The average family of four in Canada is expected to pay an additional $994.63 for food in 2026 compared to the previous year, according to a new report, with overall grocery prices expected to increase by 4 to 6 percent.
The 2026 edition of Canada’s Food Price Report considered several factors when forecasting price increases, such as trade disputes with the United States, changes to the food manufacturing and grocery store landscape, labour markets, policy changes, and the strength of the Canadian dollar.
“Despite steadier inflation, Canadian families are still feeling the squeeze at the grocery store,” said the report’s lead author Sylvain Charlebois, senior director of the agri-food analytics lab and a professor in food distribution and policy at Dalhousie University.
“Our forecast for 2026 makes one thing clear: food affordability will remain a major pressure point in the year ahead.”
The Dec. 3 report forecasts that meat prices will rise by the largest amount in 2026, at between 5 and 7 percent inflation, while restaurant foods will rise by between 4 and 6 percent. Vegetables are predicted to rise by 3 to 5 percent; baked goods, dairy, and eggs are predicted to rise by 2 to 4 percent; fruit may rise by 1 to 3 percent, and seafood may rise by 1 to 2 percent.
While the 2024 edition of the report had projected that a family of four would spend $801.56 more on food in 2025, the latest data showed that those families spent around $545.05 more that year. Total food inflation for 2025 was 3.4 percent compared to the 2024 report’s prediction of between 3 and 5 percent inflation.
The prices of meat and “other” products like alcohol increased by higher percentages than the 2024 report had forecasted, while prices for restaurant goods and seafood increased by amounts within the forecasted range. Prices in 2025 for baked goods, dairy, and eggs grew by lower percentages than the report had projected, while vegetable and fruit prices shrank.
“We predicted last year that beef would be the big story in 2025, and it certainly was. We don’t see how beef prices could normalize before mid-2027,” the latest food report said. It noted that beef prices soared by 9 percent in 2025 due to falling cow herd sizes and higher costs for feed due to drought.
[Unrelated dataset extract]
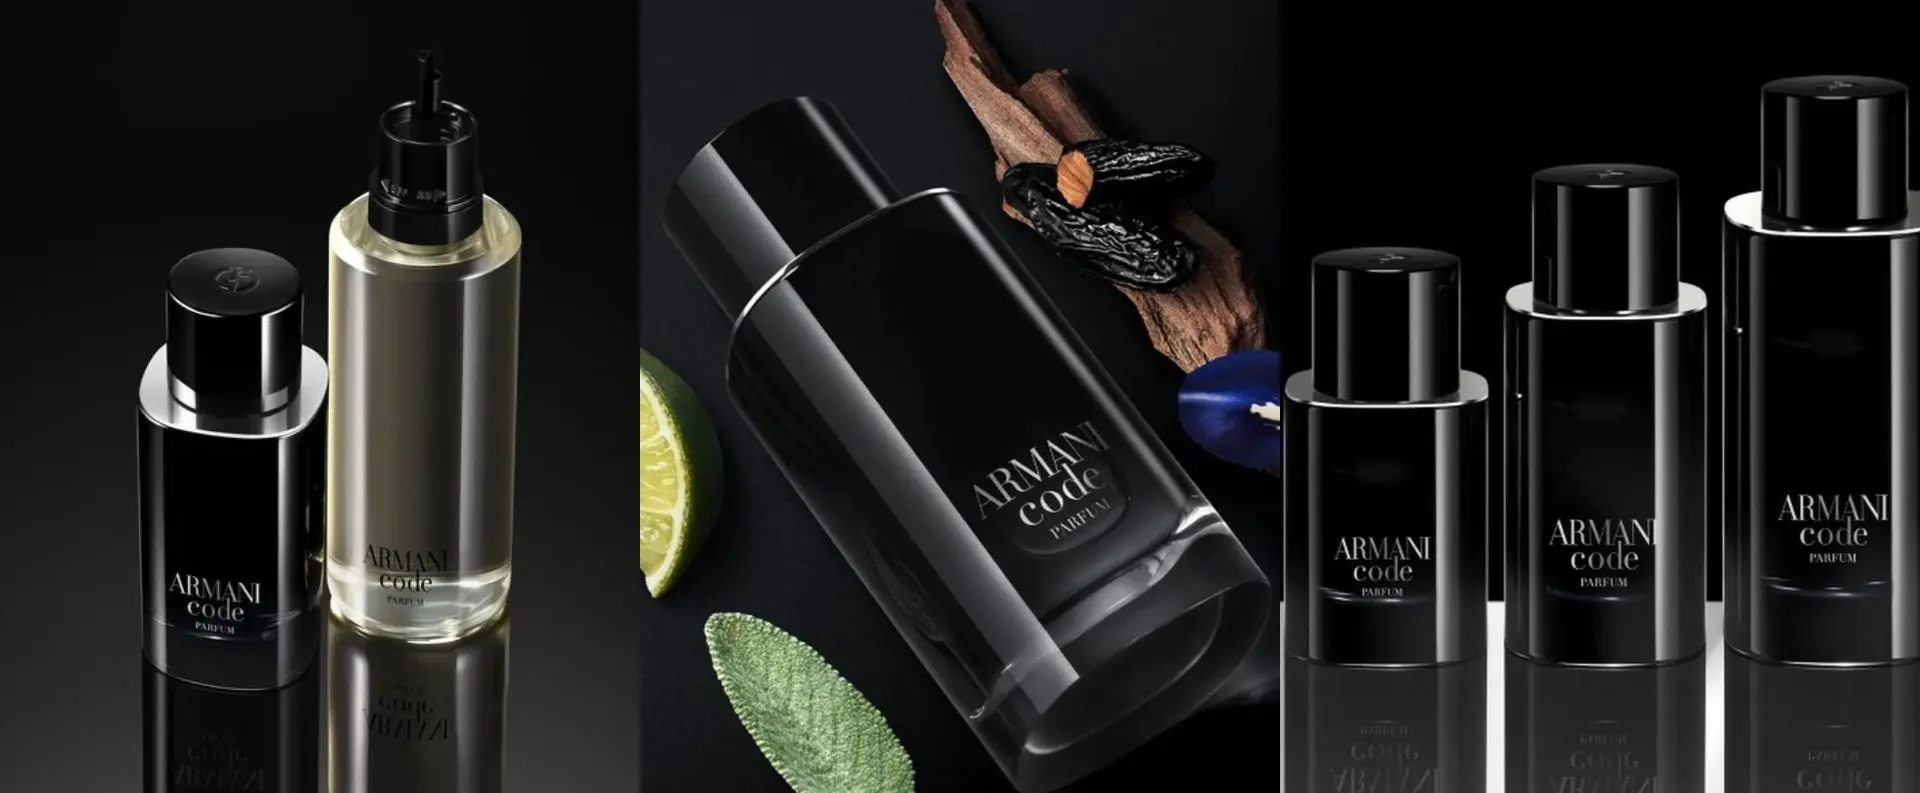 Armani Code, un perfume para hombres clásico con nueva versión — Muy  Cosmopolitas
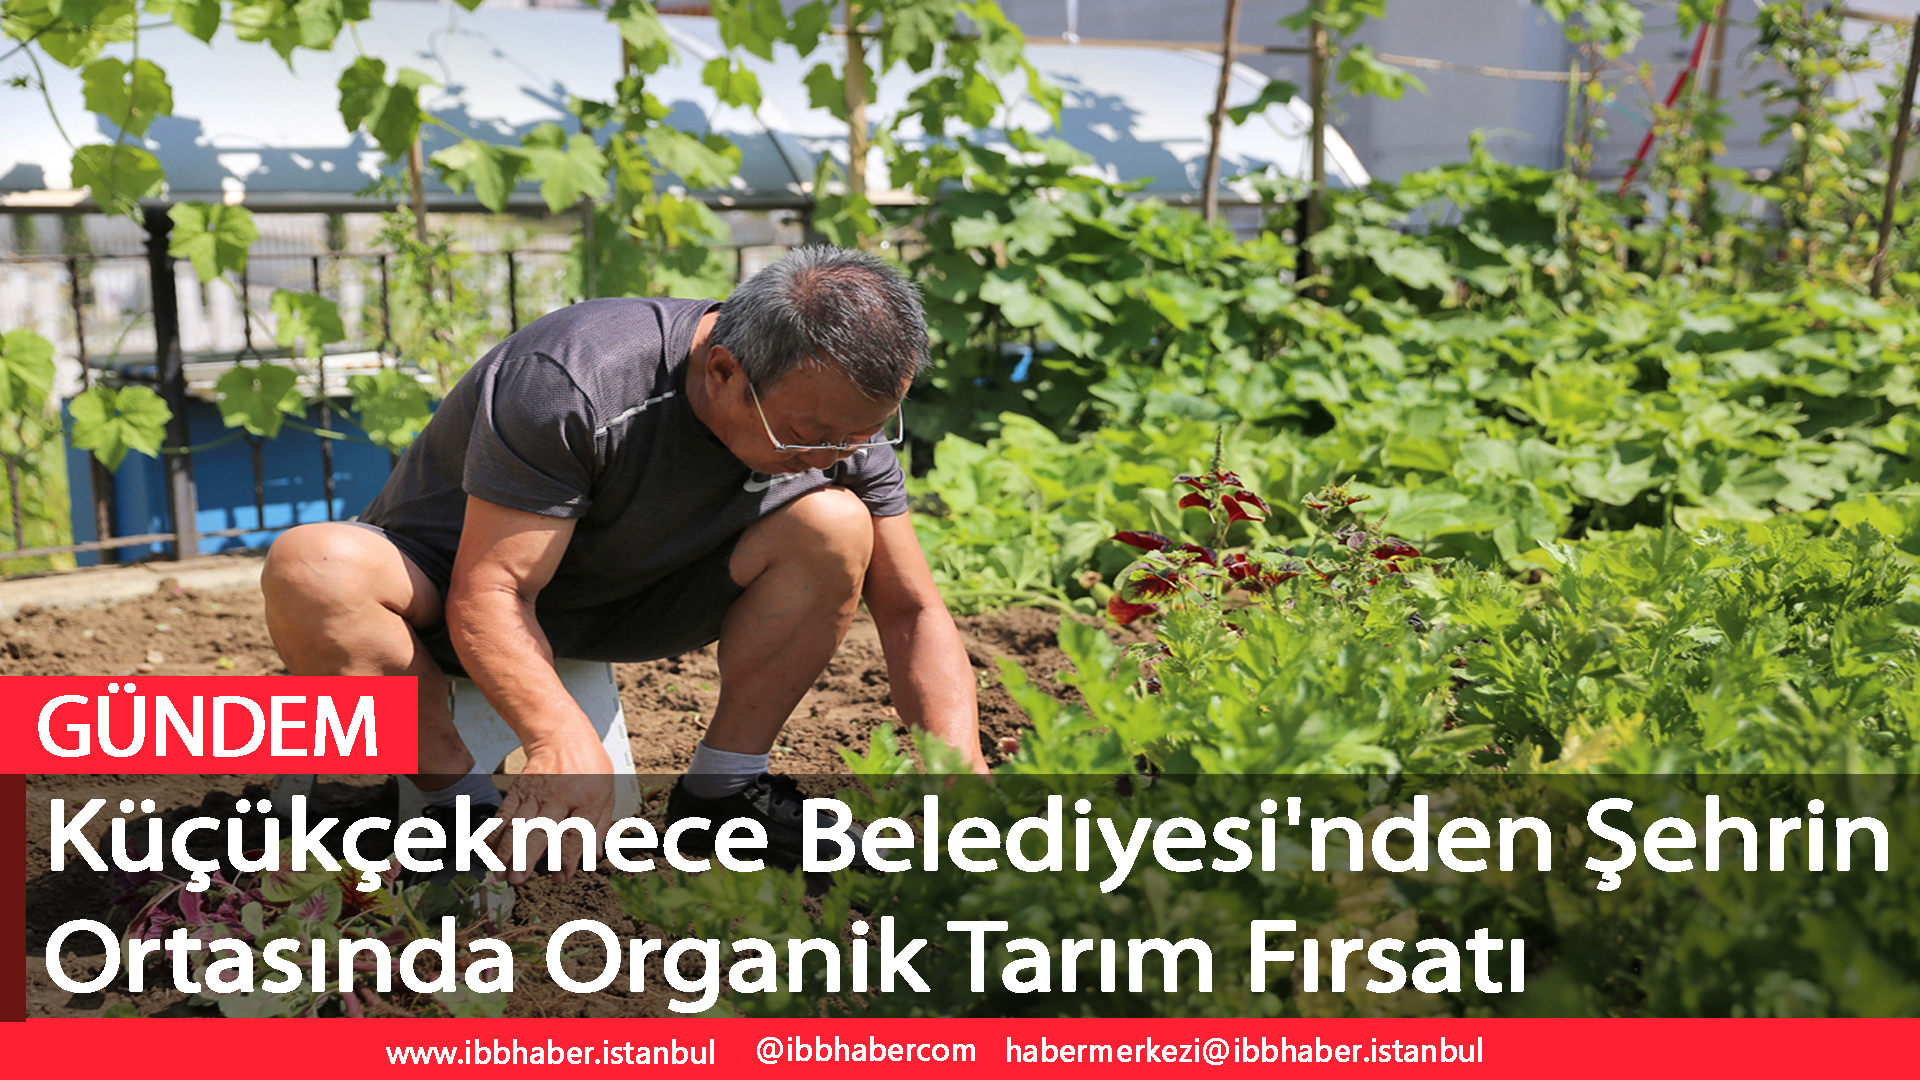 Küçükçekmece Belediyesi'nden Şehrin Ortasında Organik Tarım Fırsatı

The report said energy prices, which determine the price of food inputs like fertilizer and fuel for farm equipment and produce transportation, declined in 2025 due to lower global prices, increased exports from OPEC countries, and the cancellation of the consumer carbon tax in April.
Lower energy prices put downward pressure on food inflation, but the report said Canadians are “still feeling the impacts of the last few years of high energy spikes in their grocery bills.” Oil prices reached around $120 a barrel in mid-2022, but have since fallen to less than $60 a barrel.
The federal government’s GST holiday from December 2024 to February 2025 resulted in food inflation dropping by 0.6 percent in January, which was the first time food inflation fell since May 2017. “Canadians spent less on food over the two-month period, offering some economic relief for them during a time of year when upward pressure on the price of goods is typically at its peak,” the report said.
The report also said that Canadians have been responding to rising food prices by changing their shopping habits, with 86 percent buying less meet and 25 percent buying more frozen foods. The report said this has led to Canadians eating foods that have fewer nutrients and that contain more sugar and sodium.
“As it becomes more difficult for Canadians to afford a healthy diet, there could be a rise in health-related challenges and a corresponding decline in overall public health,” the report said.
Trends for 2026
The report said the Bank of Canada’s lowering of interest rates from 3.25 percent to 2.25 percent over the past year has “theoretically” given more money to Canadians to spend on goods like food, but said it can “also weaken currency over time, making imported goods more expensive.” The report said it is unlikely lower interest rates will have any effect on food prices.
The report said the trade war with the United States has weakened Canada’s economy, decreased demand for Canadian goods, and created additional inflationary pressures. Despite Ottawa removing its counter-tariffs on the United States back in September, the report said it may “still take some time for the policy change to be reflected in the prices of U.S.-imported food, if at all.”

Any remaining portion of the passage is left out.